The current study focusses on the collaboration networks of staff members working at the sociology department of the Radboud University (N = 31) and Utrecht University (N = 32). Full names of all the staff members were webscraped from the websites of the university using the RVest package for the website of the Radboud University and the RSelenium package for the javascript tables of the website of Utrecht University (see 1. names).
Data on the publications and citations of the staff members were webscraped from Google Scholar, using the Scholar package in R and the staff members’ full names (see 4. Scholar. Staff members without a google scholar id or members who had gotten a wrong google scholar id as a result from the webscraping with the Scholar package were deleted from the analysis. For RU these were four scholars and for UU ten scholars (see 5. RU ethnicity & age and see 5. UU ethnicity & age). For the RSiena analysis, collaborations between staff-members within the sociology departments themselves is operationalized using names of co-authors on the publications of the staff members within the period 2016-2022 (see 6. RU array and see 6. UU array. Furthermore, to decide the percentage of non-Dutch collaborators within the collaborator egonets, I also gathered information on co-author relationships outside the department. This was done by looking at all the ego’s unique collaborators, using the names of co-authors on the publications of staff members since 2019. Because we only use information on the publications since 2019, we assume that the diversity of scholar’s network is relatively stable over time.

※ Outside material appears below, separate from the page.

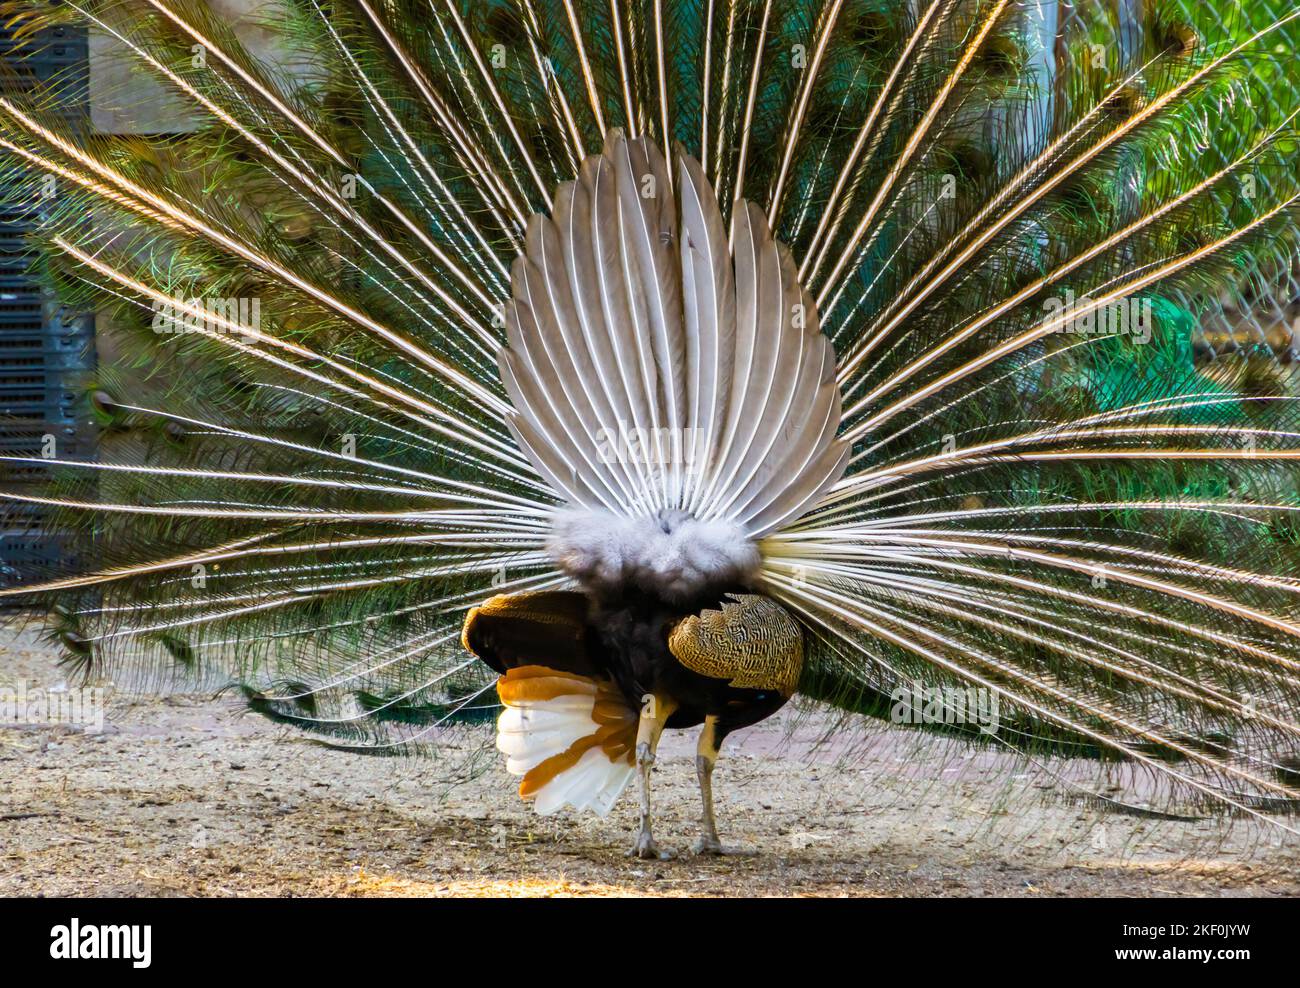 peacock with unfolded feathers rear view, tropical ornamental bird specie from India Stock Photo

Ethnicity of the staff members is gathered by hand using excel, looking at their last name. Scholars are divided into two groups: (0) a non-Dutch last name, and (1) a Dutch last name. When in doubt about the origin of a last name, the CBG family name database was used, containing information on the geographical distribution and origin of last names.
The prevalence of non-Dutch staff members within the collaborator egonets of the staff members is operationalized as the percentage of ego’s unique co-authors with a non-Dutch last name within ego’s collaborator network since 2019. This was also done by hand in excel, by first counting the amount of unique collaborators within one’s network and then counting the amount of unique collaborators with a non-Dutch last name. Last, the percentage of Non-Dutch collaborators was calculated and the excel dataframe was added to R. The two scholars, one of RU and one of UU, that had a missing value on this dependent variable were deleted (see 5. RU ethnicity & age and see 5. UU ethnicity & age).
Gender of the staff members is decided by looking at their first name, using the Meertens Voornamenbank. This database contains information on the gender, popularity, geographical distribution and origin of all first names in The Netherlands (see 2.gender).
As data on the age of scholars was not easily available on the internet, we operationalized age as the period in which the scholar has been active in the academic world. Therefore age is seen as the year of the first publication of the staff member, based on te publication list retrieved from google scholar (see 5. RU ethnicity & age and see 5. UU ethnicity & age).
First, several descriptive statistics of the networks are presented. A visual representation of the collaboration networks within the departments is made. Furthermore, several descriptive and frequency statistics are calculated regarding the ethnicity, age and gender of the ego’s, the ethnic diversity of the egonets and the degrees and transitivity of the networks. Moreover, to look into the segregation of the networks, we compared intra- and intergroup densities of both gender and ethnicity.
Second, we try to explain differences in ethnic diversity of the collaboration egonets by characteristics of the egos themselves; ethnicity, gender and age. Therefore, four linear regression models were conducted for each department.
Last, to find further explanations for segregation in network layers we need to examine how and why collaboration ties within the departments are formed and how this is influenced by covariate effects and/or structural network effects. This is done using SIENA (Simulation Investigation for Empirical Network Analysis) in R with the package RSiena. Our data contains information on collaboration ties between staff-members within the department of three time-frames (2016-2017, 2018-2019 and 2020-2022).
RSiena models tie changes as the results of actions by actors (Ripley et al. 2022). It is assumed that each time only one actor is allowed to make changes, and this actor is only able to change one tie at a time. The actor who is allowed to make changes evaluates the networks structures on its attractiveness. This is determined by the evaluation function. The actor is most likely to make changes resulting in a network with the highest level of attractiveness.
For the RSiena analysis, three models will be estimated for each department. The first model contains only the percentage of non-Dutch collaborators within the network.
Second, we will add the structural effects to this model. As our network is undirected, we only include the density effect, the transitive triads effect and the activity and popularity effect. The density effect can be seen as an intercept. The transitive triads effect can be interpreted as the extent to which scholars want to co-publish with a co-author of a co-author. Furthermore, the activity and popularity effects shows if scholars prefer to co-publish with someone who has co-published with many others before.
Last, a model with all individual characteristics and structural effects will be estimated.